Dataset excerpts
■ ■ ■ ■
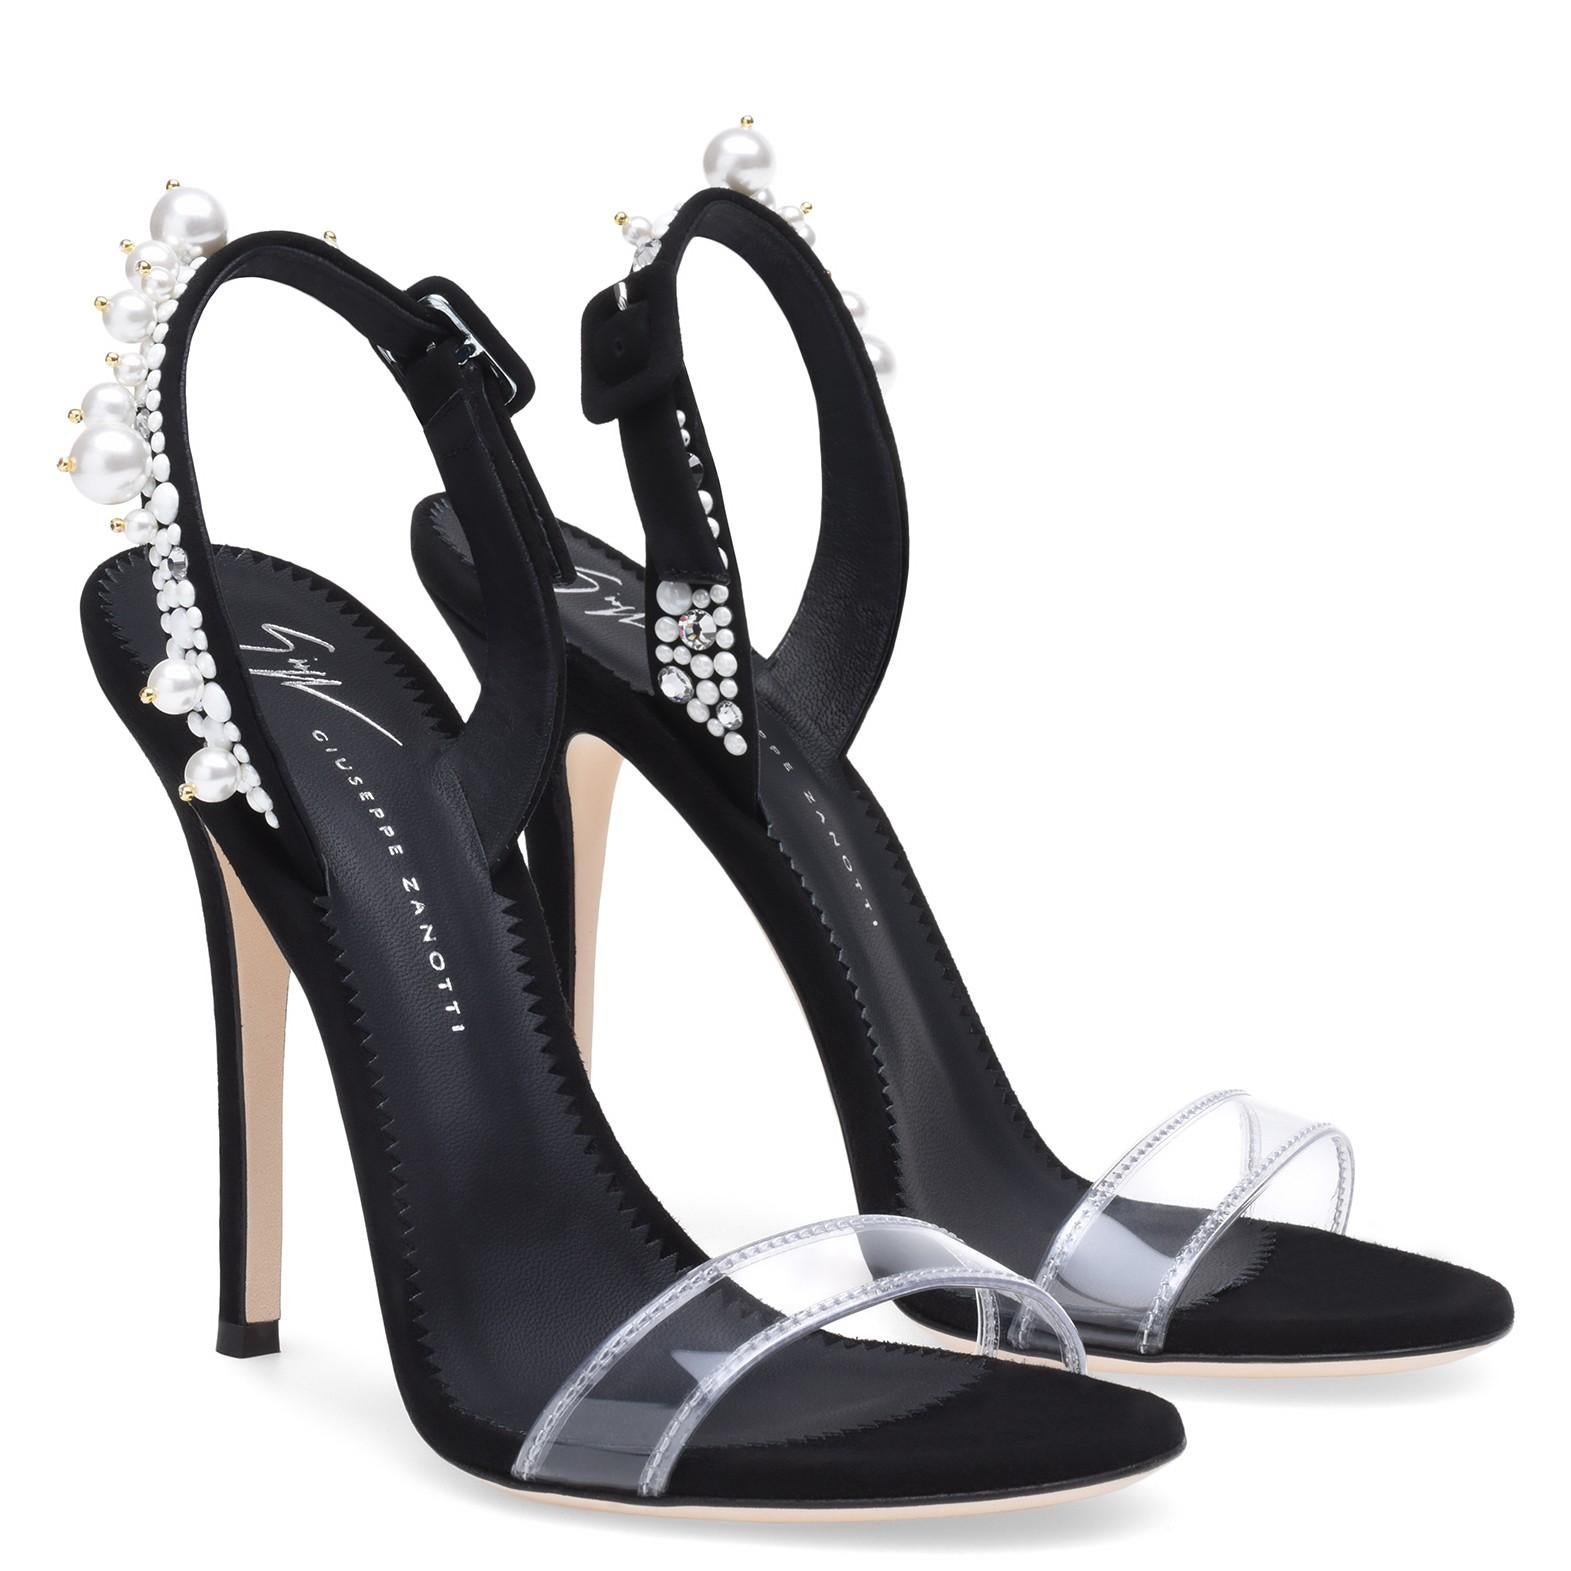 Giuseppe Zanotti NEW Black Suede PVC Pearl Crystal Evening Sandals Heels in Box

Size IT 36
Suede
PVC
Pearl
Crystal
Ankle buckle closure
Made in Italy
Heel height 4.5
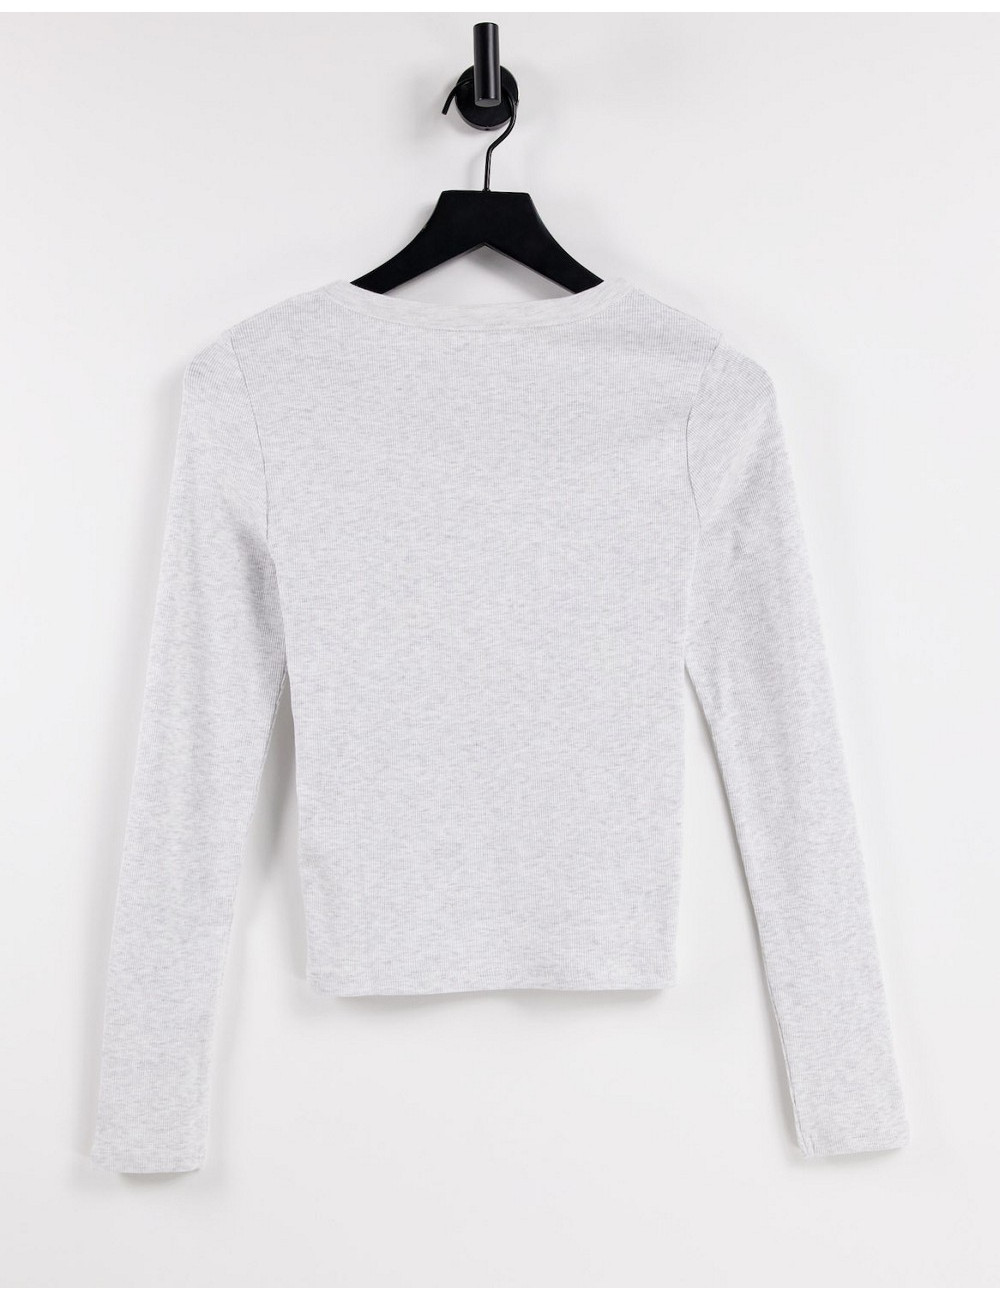 Cotton:On long sleeved top...
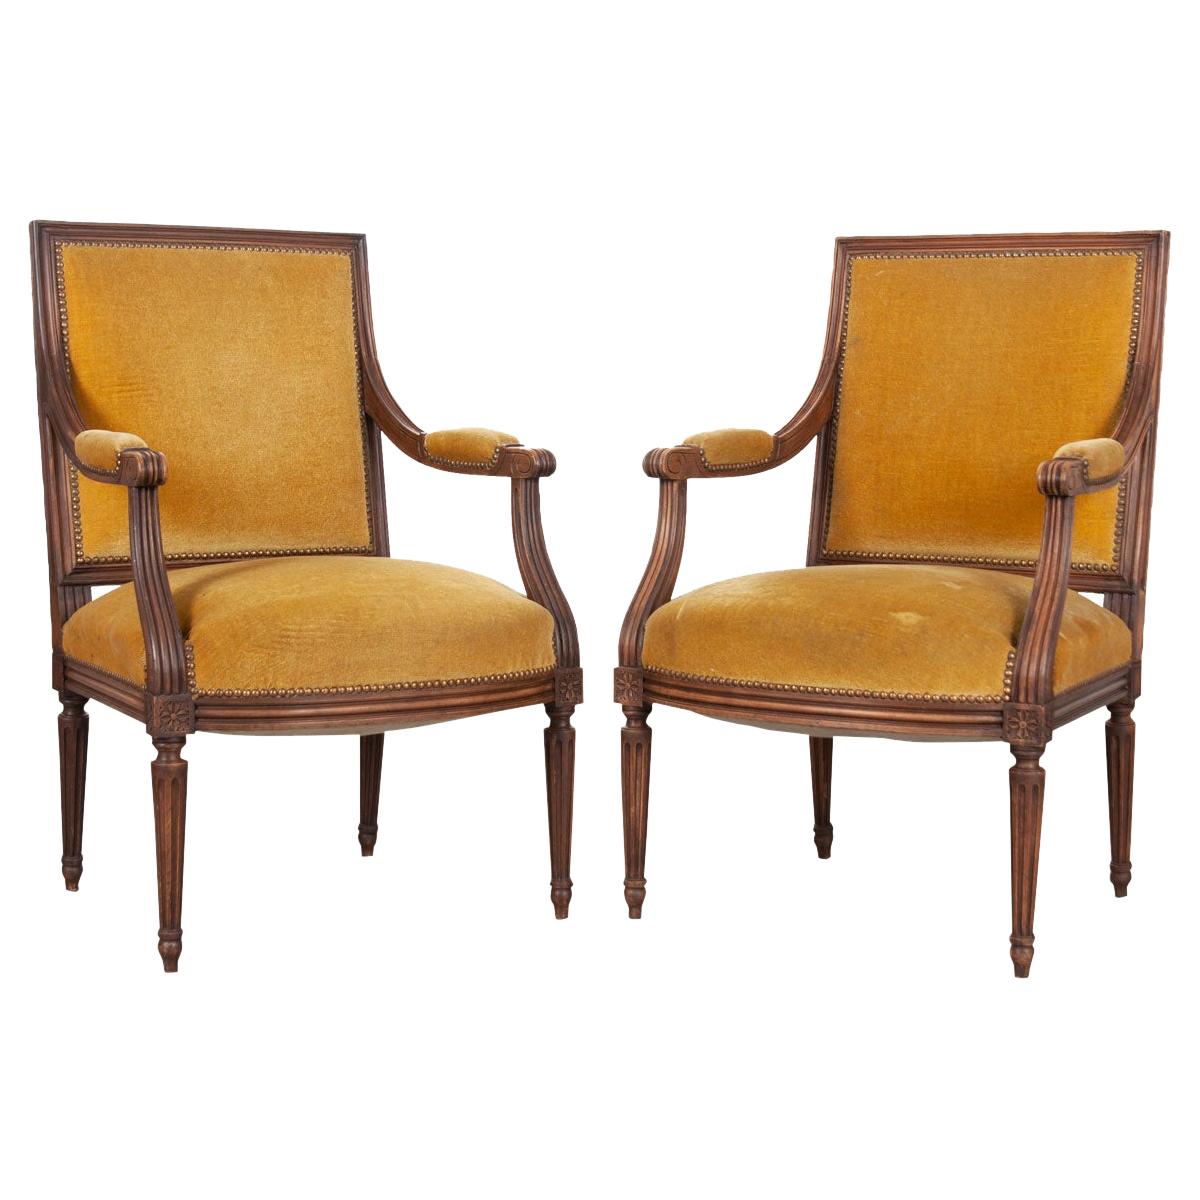 Pair of French 19th Century Louis XVI-Style Fauteuils
■ ■ ■ ■
### Assigned task
From the line with "Ankle buckle closure" to the final line of the records, inclusive, set down the lines exactly and add nothing; leave every picture out.

### Written solution
Ankle buckle closure
Made in Italy
Heel height 4.5
 Cotton:On long sleeved top...
 Pair of French 19th Century Louis XVI-Style Fauteuils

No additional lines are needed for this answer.